Wel opvallend was de reactie van de campingbeheerder, een besnorde Spanjaard die enkel Spaans kon, op het verhaal. In non-verbale communicatie liet hij ons weten door met zijn handen een tegengestelde draaibeweging te maken dat hij liever had dat we de slang de nek omgedraaid hadden. Geen ongedierte op zijn terrein ! Terwijl hij inderdaad alles spik en span hield -het sanitair was zéér goed- had ik hierbij toch mijn bedenkingen. Zonder de Gladde slang had hij immers veel meer last gehad van muizen en ander ongedierte ! De mens kan niet zonder de andere dieren, ook al vinden vele mensen die schubben niet aantrekkelijk. Maar je mag toch nooit op het uiterlijk afgaan ?

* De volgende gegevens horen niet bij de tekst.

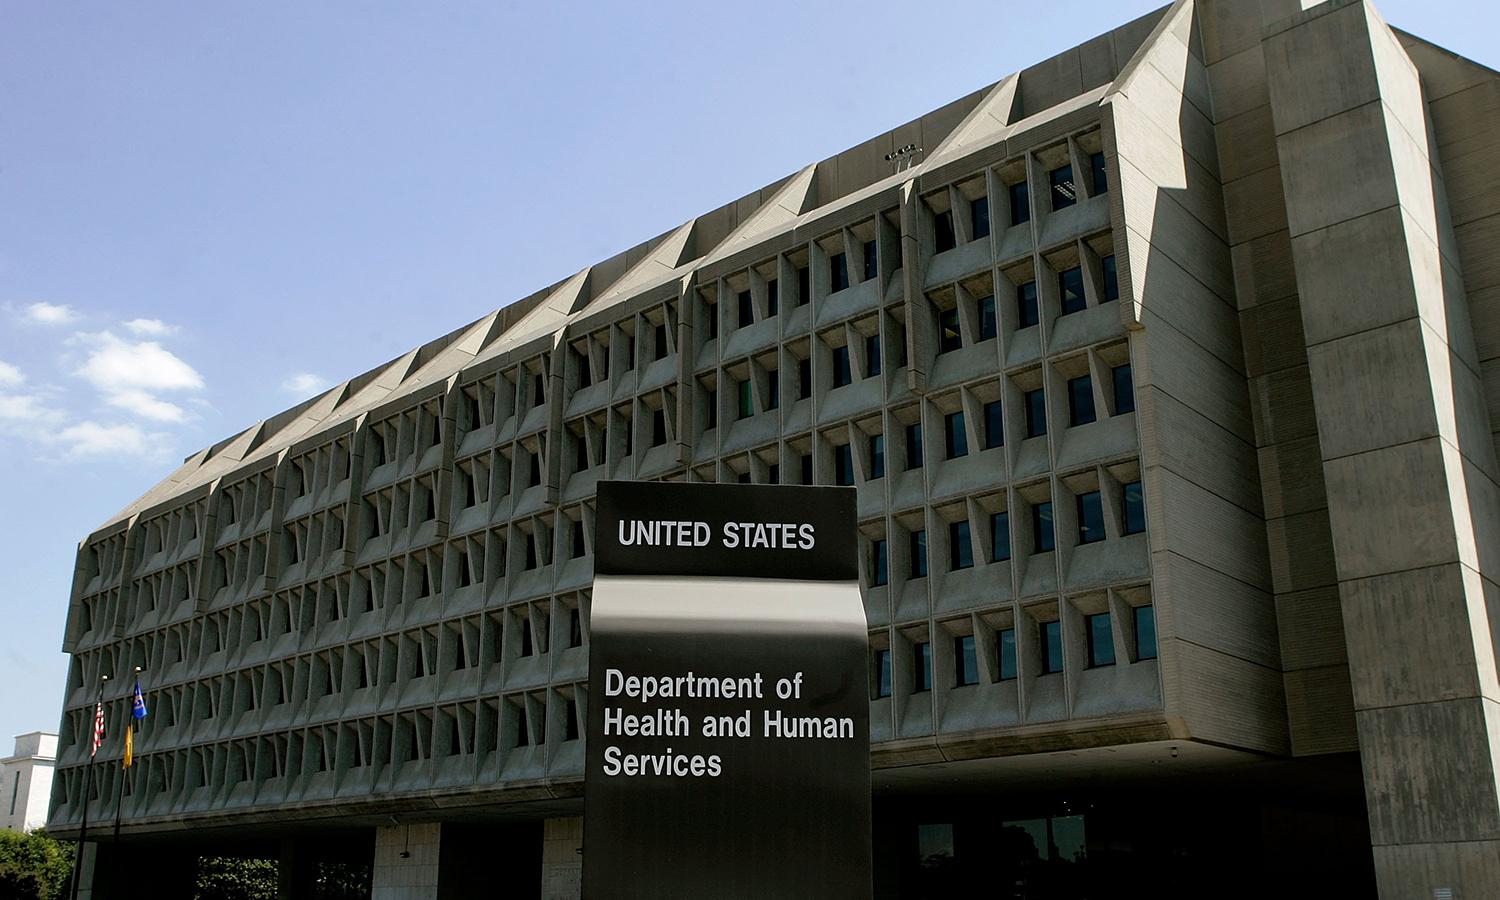 The U.S. Department of Health and Human Services building is shown in Washington.

Een andere leuke ervaring van deze camping waren de diverse soorten bidsprinkhanen zoals deze Empusa pennata die er inderdaad erg "evil" uitziet ... Zijn oogjes bleven mij volgen !
Ook de meest algemene bidsprinkhaan, de Europese bidsprinkhaan (Mantis religiosa) was hier present.

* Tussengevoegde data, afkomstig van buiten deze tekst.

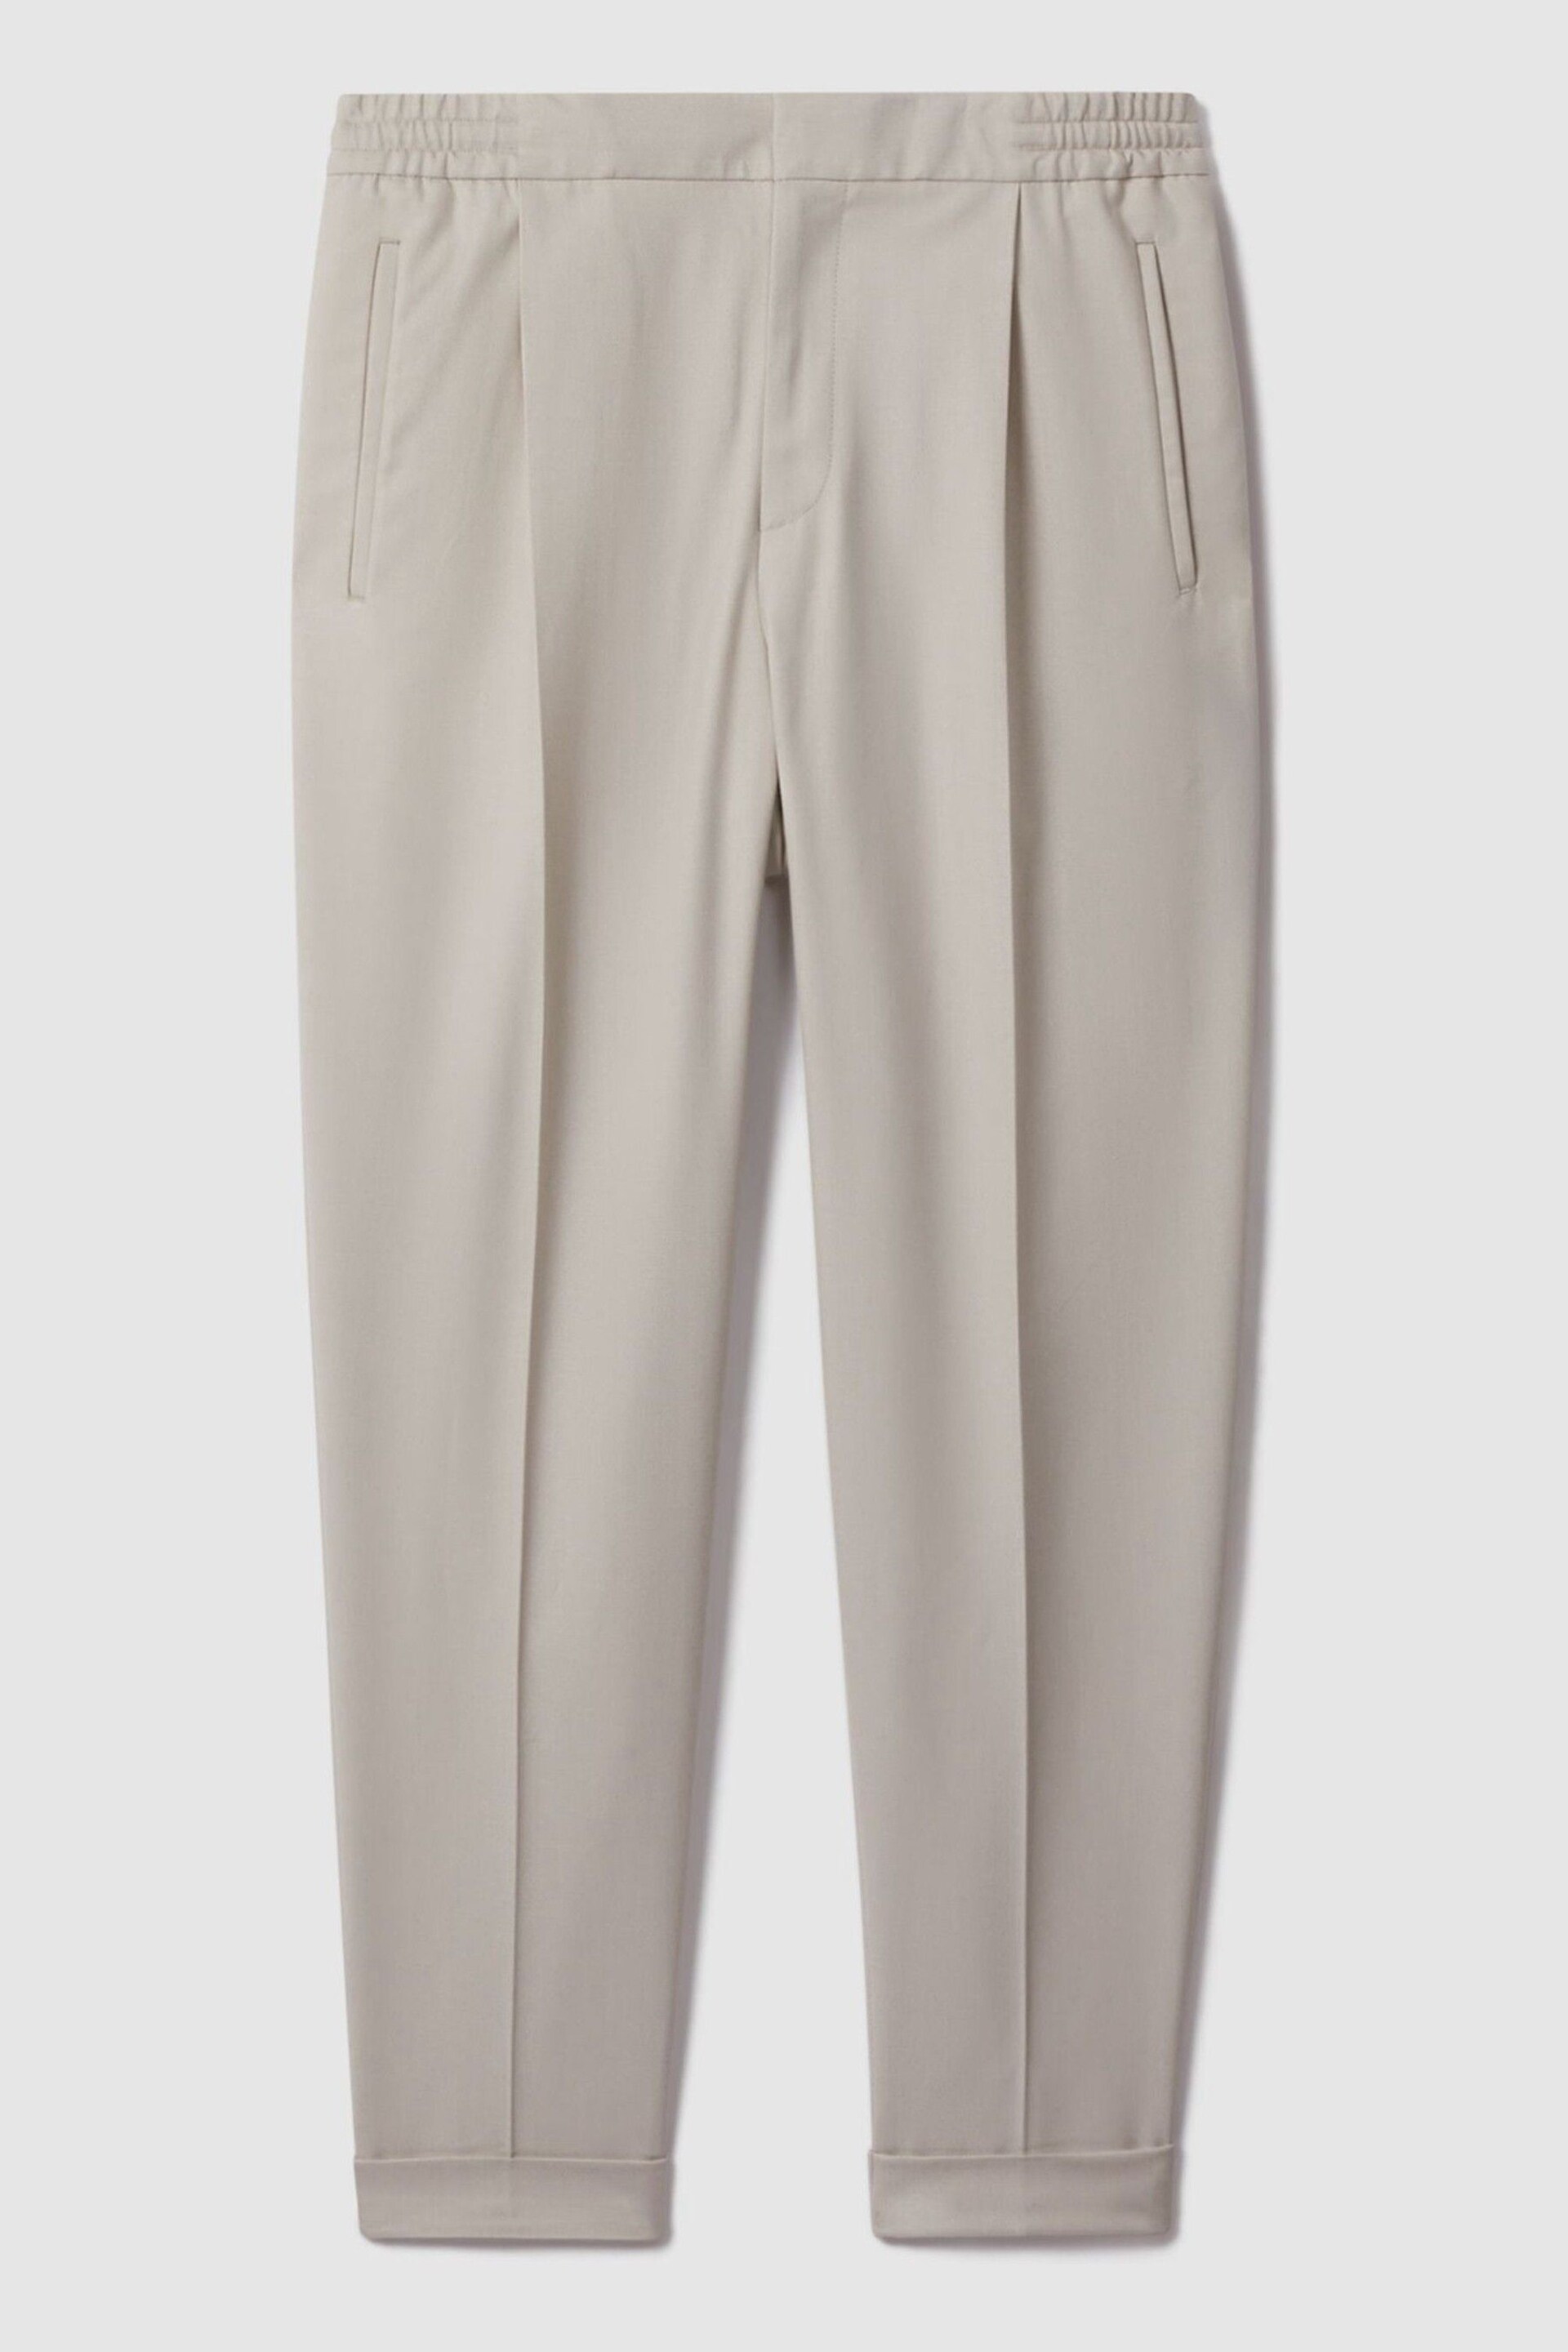 Reiss Stone Brighton Relaxed Drawstring Trousers with Turn-Ups - Image 2 of 5

En dit dikkertje, Ameles spallanzania, sloop ineens rond op onze tafel...
Een andere losse hobby van Jeanette zijn fossielen, waarvan ze ook een aantal vindplaatsen weet in de buurt, dit was een van haar vondsten.
En dan eindelijk een amfibie dankzij Martijn ! Een Zuid-Spaanse of Oost-Iberische schijftongkikker (Discoglossus jeanneae) die heel rustig op mijn vinger bleef poseren voor een foto na de half uur durende determinatiesessie ... Het is niet de gemakkelijkste groep !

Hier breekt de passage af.